There is an unfinished aspect of this site - CSV analysis. I have a massive Google doc with around a hundred songs left that need to be coded for number of 'AY' phonemes in them. Unfortunately Google doc does not let me call APIs from individual cells, or apparently with macros at all. I decided to get around this by coming up with a feature that will take a CSV, specify which column contains the text you want to annotate, which column to output the count to, and then return the CSV to you. However, this has been stalled for the foreseeable future.
Some thoughts I have about the project as is:
- Right now anybody can request from PythonAnywhere if they have the URL. I'd prefer bad actors not DDOS those folks by begging for phoneme counts over and over again. May be worth figuring out a way to make it so only certain approved actors can request from the API.

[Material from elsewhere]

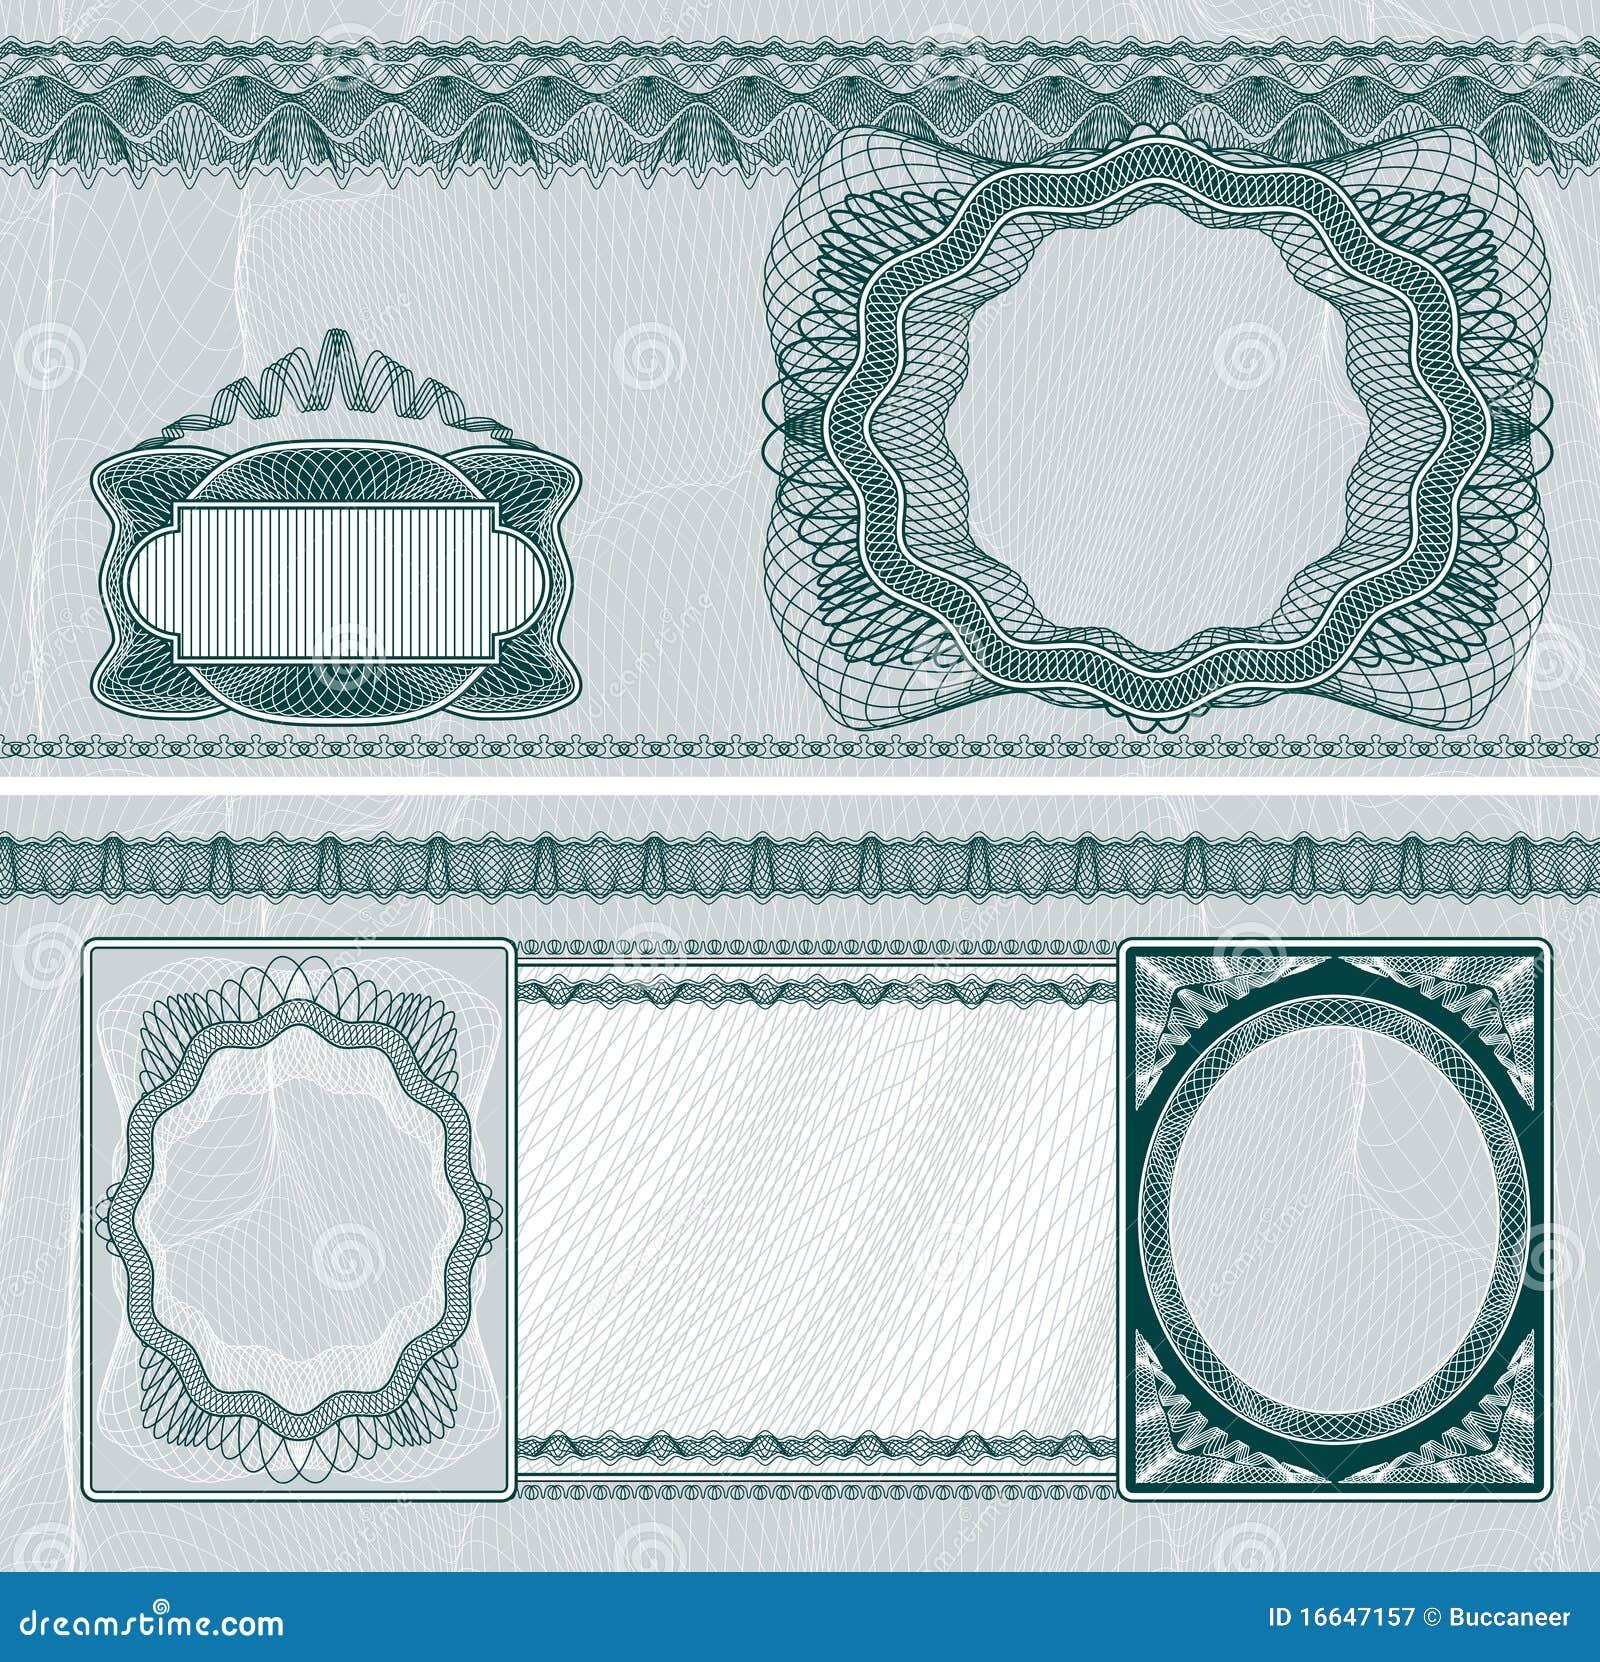 bill payment template
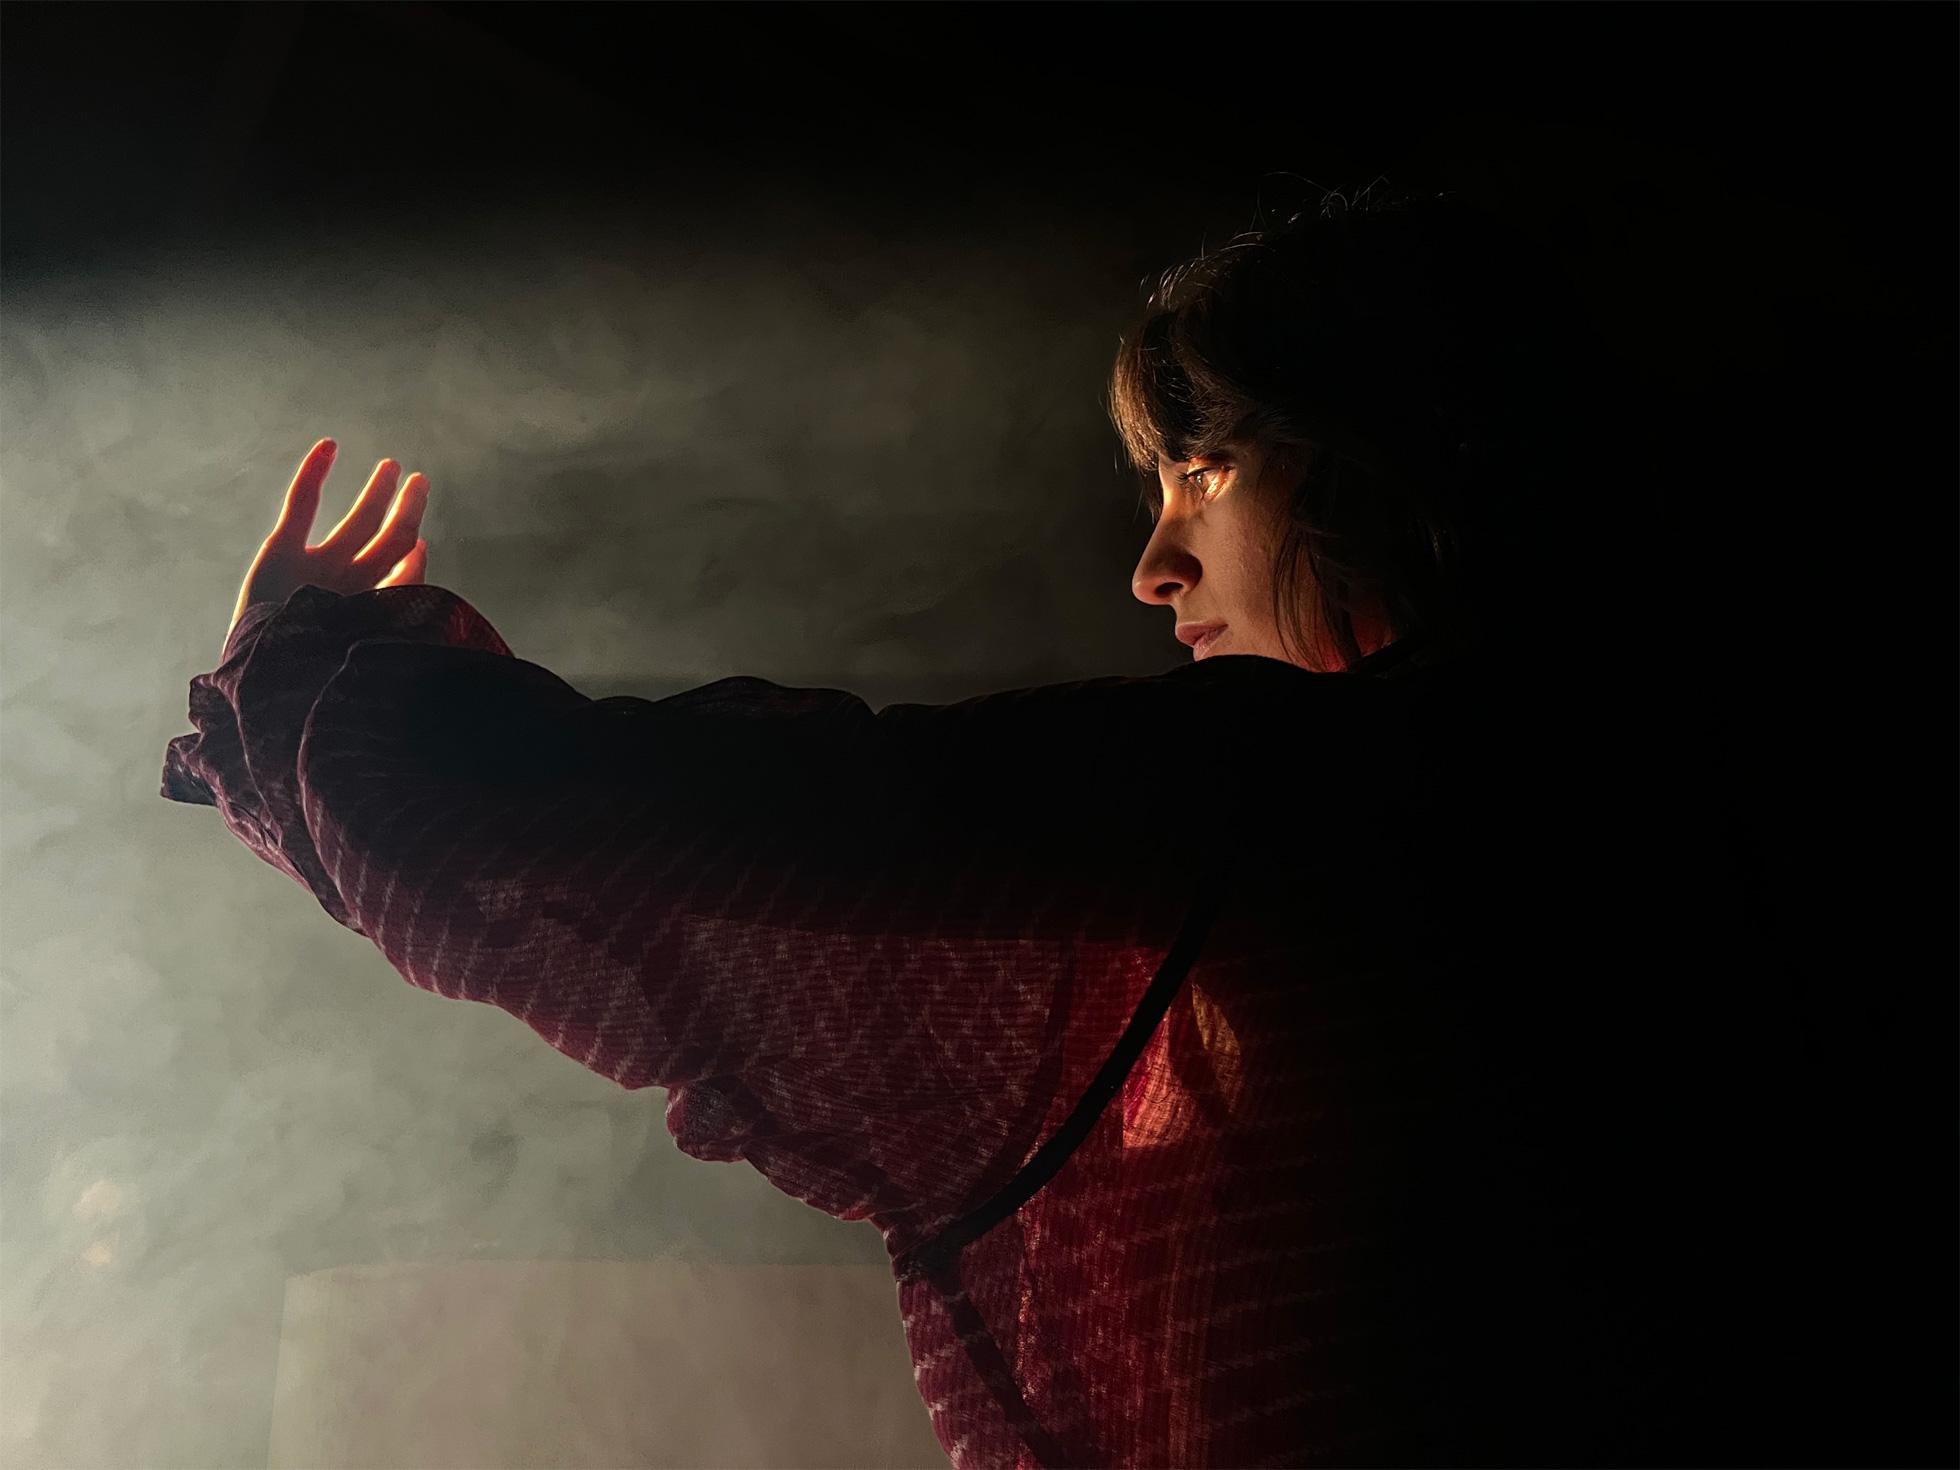 Пример снимка при плохом освещении. Фото – Apple

- Still want to add regular expression support for the people who have highly specific phoneme needs.
- Would love to make a command line version for someone who wanted to do mass amounts of analysis.
- Updating ARPAbet in the future - it lacks British pronunciations for words, which are crucial for any future analyses involving comparing American and British pronunciations.
- As mentioned above, I am only working with one text at a time. The CSV feature will allow multiple texts to be analyzed at a time, but only if they are in, well, CSV format. Good for Google Docs, less so for any other text. Perhaps a command line version could accept as an argument a list of files to be analyzed.
- Performance at high levels is unclear.
As with every version of the DevLog, there is always a wishlist of things that could be better at the end. However, LexSet is easily one of the most useful things I've ever made, having saved me countless hours of the drudgery of counting phonemes with more accuracy than I could ever muster. I'm very satisfied with how it works right now.